The second fear was crude, and this was always the more predictable blow. India’s heavy dependence on imported oil leaves it acutely exposed when the Gulf is destabilised. Once the war intensified and the Strait of Hormuz became a live strategic risk, higher petroleum prices were only a matter of time. Brent has surged above $100 a barrel after an extraordinary run-up through March, while forecasters have sharply revised their oil assumptions for the year. For India, this is not merely an import bill problem. Higher crude works through transport, fertiliser, aviation, manufacturing, logistics and inflation expectations all at once. New Delhi has already cut fuel excise duties to soften the shock, but such steps only redistribute the pain between consumers, oil companies and the exchequer. They do not remove it.
This is where the rupee comes into sharper focus. The currency has become the clearest market expression of India’s vulnerability to the war.

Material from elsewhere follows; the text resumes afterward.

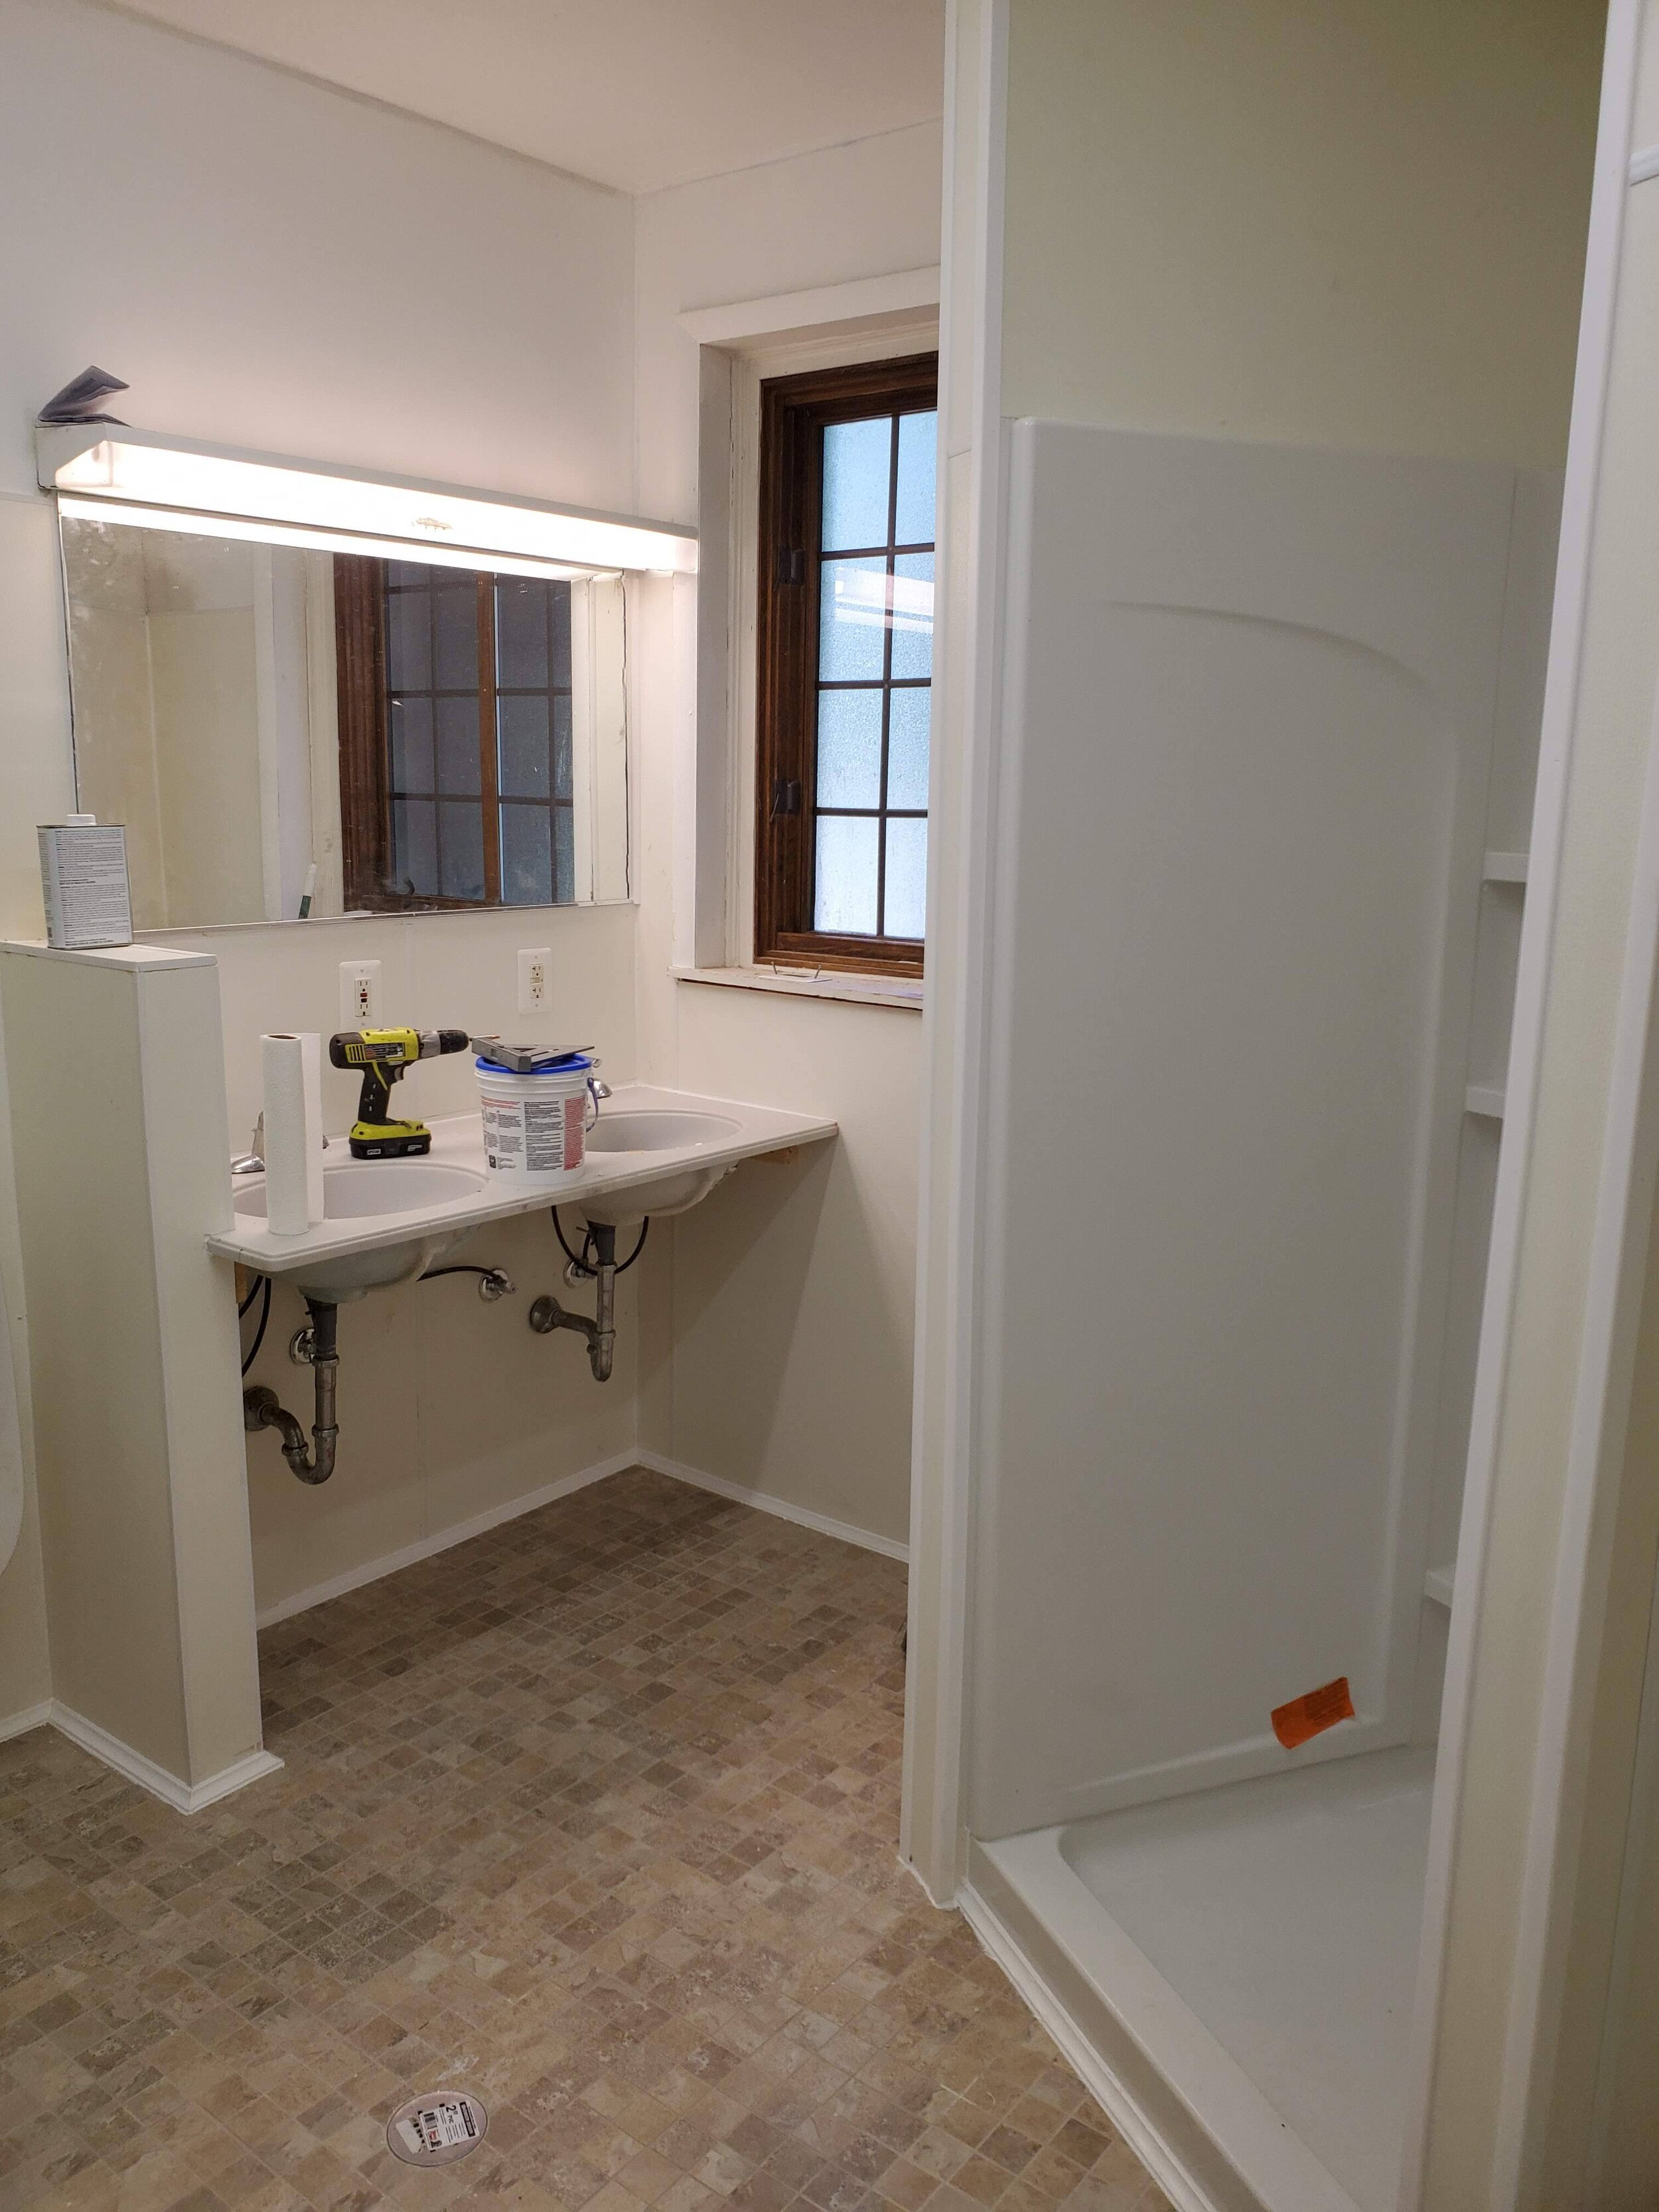 2019 First Floor Bathroom Renovation 20190818_111041.jpg

Higher oil prices worsen the current account outlook. Foreign investors, already cautious, pull money from equities and bonds. Global risk aversion pushes capital toward the dollar. Each of these forces would be uncomfortable on its own. Combined, they create external pressures. The rupee has fallen to record lows beyond 94 to the dollar and has been counted among Asia’s weakest performers over the financial year, with depreciation close to 10 percent or more by several tallies. That makes the user’s framing broadly correct: the currency is under tremendous stress from an oil shock, portfolio outflows and geopolitical uncertainty acting together rather than separately.

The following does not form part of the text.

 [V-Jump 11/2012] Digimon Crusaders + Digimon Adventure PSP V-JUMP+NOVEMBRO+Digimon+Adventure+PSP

Yet the question of whether the rupee will breach 100 per dollar requires a more measured reading. It is no longer a fringe scenario, but neither is it an immediate certainty. Markets treat round numbers as psychological thresholds because they can alter behaviour before they are actually reached. Importers rush to hedge, exporters delay conversions, households notice headlines, and speculation intensifies. Analysts have already floated 98 as a plausible waypoint under a moderate stress case, while far more severe outcomes are being discussed if the conflict drags on and energy disruption becomes entrenched. That means 100 is no longer unthinkable. But the distance from the current level to 100 is still materially significant in currency terms, and it would likely require either a fresh oil spike, deeper capital flight, or a deliberate decision by the authorities to tolerate further adjustment rather than spend reserves more aggressively.
The Reserve Bank of India, for its part, has not been inactive, but its challenge is structural. Intervention can smooth volatility; it cannot permanently overpower a trade shock. The RBI has pushed banks to unwind positions and imposed tighter limits in the foreign-exchange market, which bought temporary relief but also strained bank trading income and did little to change the larger direction of pressure. This is often misunderstood in public debate. When a currency weakens despite repeated central bank action, it does not always mean the action failed in absolute terms. It may simply mean the underlying pressure is stronger than what short-term intervention can counter. The rupee might have fallen faster without those steps. But if oil remains elevated and foreign money keeps leaving, defence becomes expensive and only partly effective.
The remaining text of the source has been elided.